Mapping the Brd4-binding sites on LANA protein. Subfragments of LANA were in vitro translated and [35S]Met radiolabeled using a TNT coupled reticulocyte lysate system (Promega). GST-full-length Brd4 and GST protein alone were expressed in BL21(DE3) (Stratagene) and immobilized on the glutathione resin. Fifty microliters of GST-Brd4 or GST beads was incubated with 20 µl of in vitro-translated LANA proteins in 0.5 ml of lysis buffer (29). After incubation at 4°C for 4 h, the beads were washed five times in 0.5 ml of lysis buffer (29). The proteins bound to the beads were then analyzed by SDS-PAGE and autoradiography.

Direct binding of LANA C terminus to Brd4. MBP-LANA aa 932-1162 and MBP-LANA aa 982-1162 fusions as well as MBP protein alone were expressed in E. coli and purified using the pMAL protein purification system (New England Biolabs) according to the manufacturer's manual.

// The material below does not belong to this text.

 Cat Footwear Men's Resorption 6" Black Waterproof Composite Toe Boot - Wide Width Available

GST-Brd4 fusion proteins were produced in E. coli using the respective pGEX plasmids. Twenty micrograms of each MBP protein was mixed with 5 µl of immobilized GST fusion protein (~1 µg of protein/µl beads) in 0.18 ml PBS prior to incubation at 4°C for 4 h. The beads were washed three times with 0.5 ml of 0.1 M KCl base buffer and eluted with 30 µl of SDS-PAGE sample buffer. An aliquot of each eluate (10 µl) was analyzed by SDS-PAGE and Coomassie blue staining.

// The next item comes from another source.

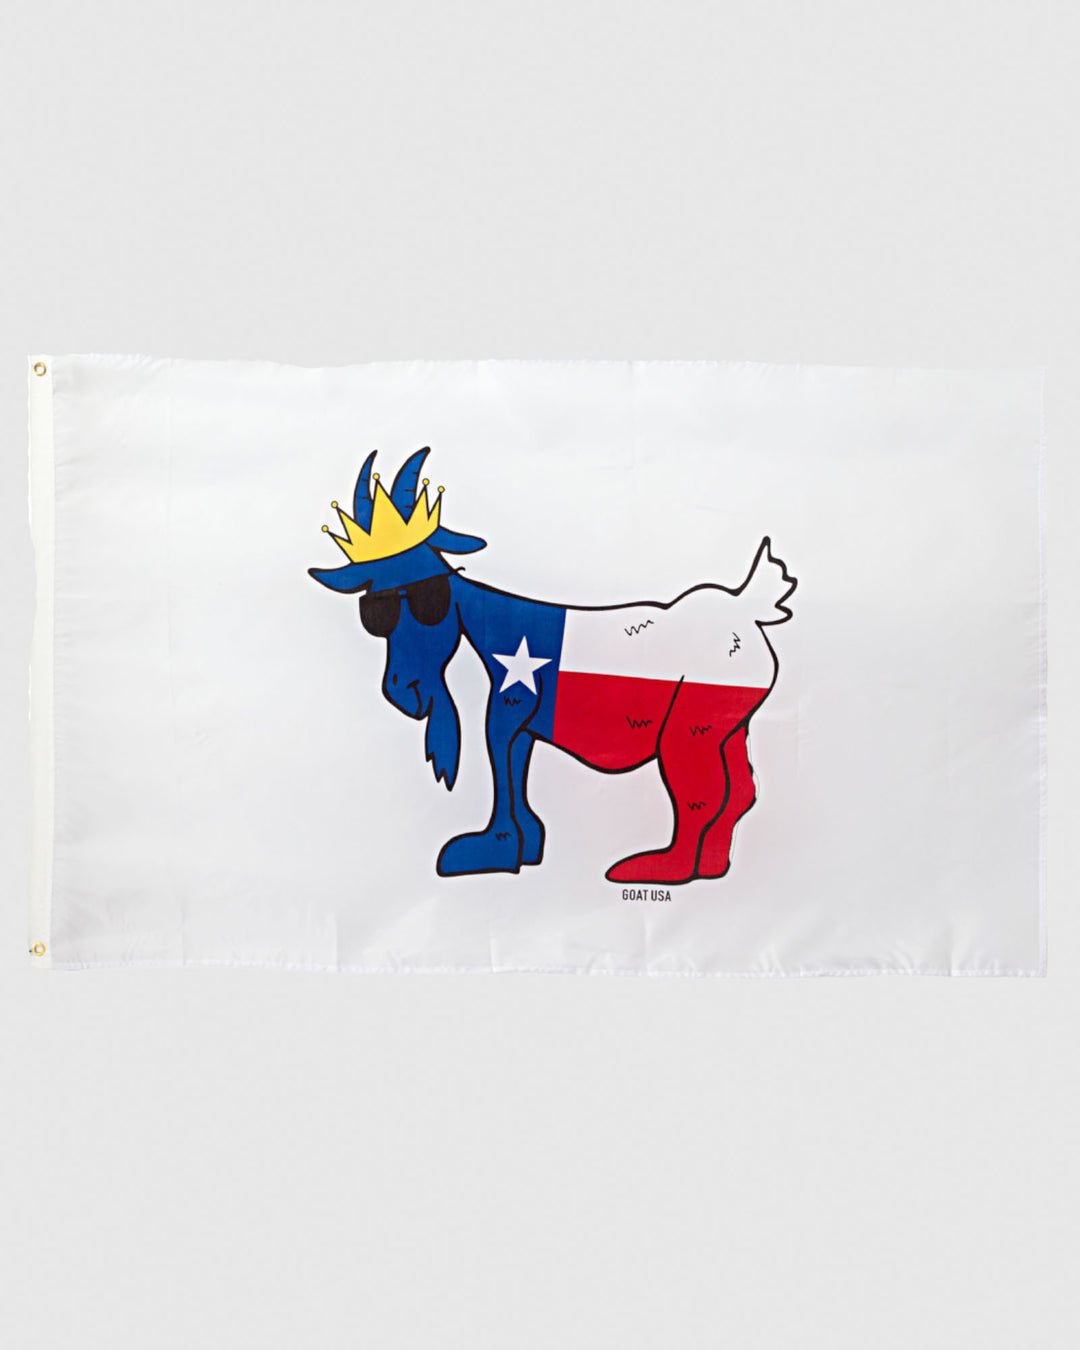 Freedom Flag – GOAT USA

Immunofluorescent staining. Cells cultured in suspension were streaked onto coverslips and air dried in a 37°C incubator. After fixation with 3% paraformaldehyde in PBS, cells were incubated in blocking/permeabilization buffer (0.5% Triton X-100 and 3% bovine serum albumin in PBS) for 10 min at room temperature and were stained with primary antibodies at room temperature for 60 min. For Brd4/LANA double staining, anti-Brd4 rabbit polyclonal antibody, N-MCAP (1/500 dilution) (14), and anti-LANA rat monoclonal antibody LN53 (1/200 dilution; Advanced Biotechnologies) were used. For Brd2/LANA double staining, an anti-Brd2 peptide rabbit polyclonal antibody (1/500 dilution) was used with LN53. The rabbit polyclonal antibody was raised against Brd2 synthetic peptide acetylated-CVSNPKKPERVTNQLQYLHK-amide (Biosource Inc., Hopkinton, MA) and then purified from serum by antipeptide immunoaffinity chromatography. After incubation, cells were washed three times with blocking/permeabilization buffer and incubated with Alexa Fluor 594 goat anti-rabbit immunoglobulin G (IgG) (1/1,000 dilution; Molecular Probes) and a goat anti-rat IgG fluorescein isothiocyanate (FITC) conjugate (1/200 dilution; Southern Biotech) for an additional 60 min. Cells were counterstained with 0.3 µM 4',6'-diamidino-2-phenylindole (DAPI) and examined using a Zeiss LSM 510 Meta UV upright confocal microscope and associated Zeiss LSM 510 software.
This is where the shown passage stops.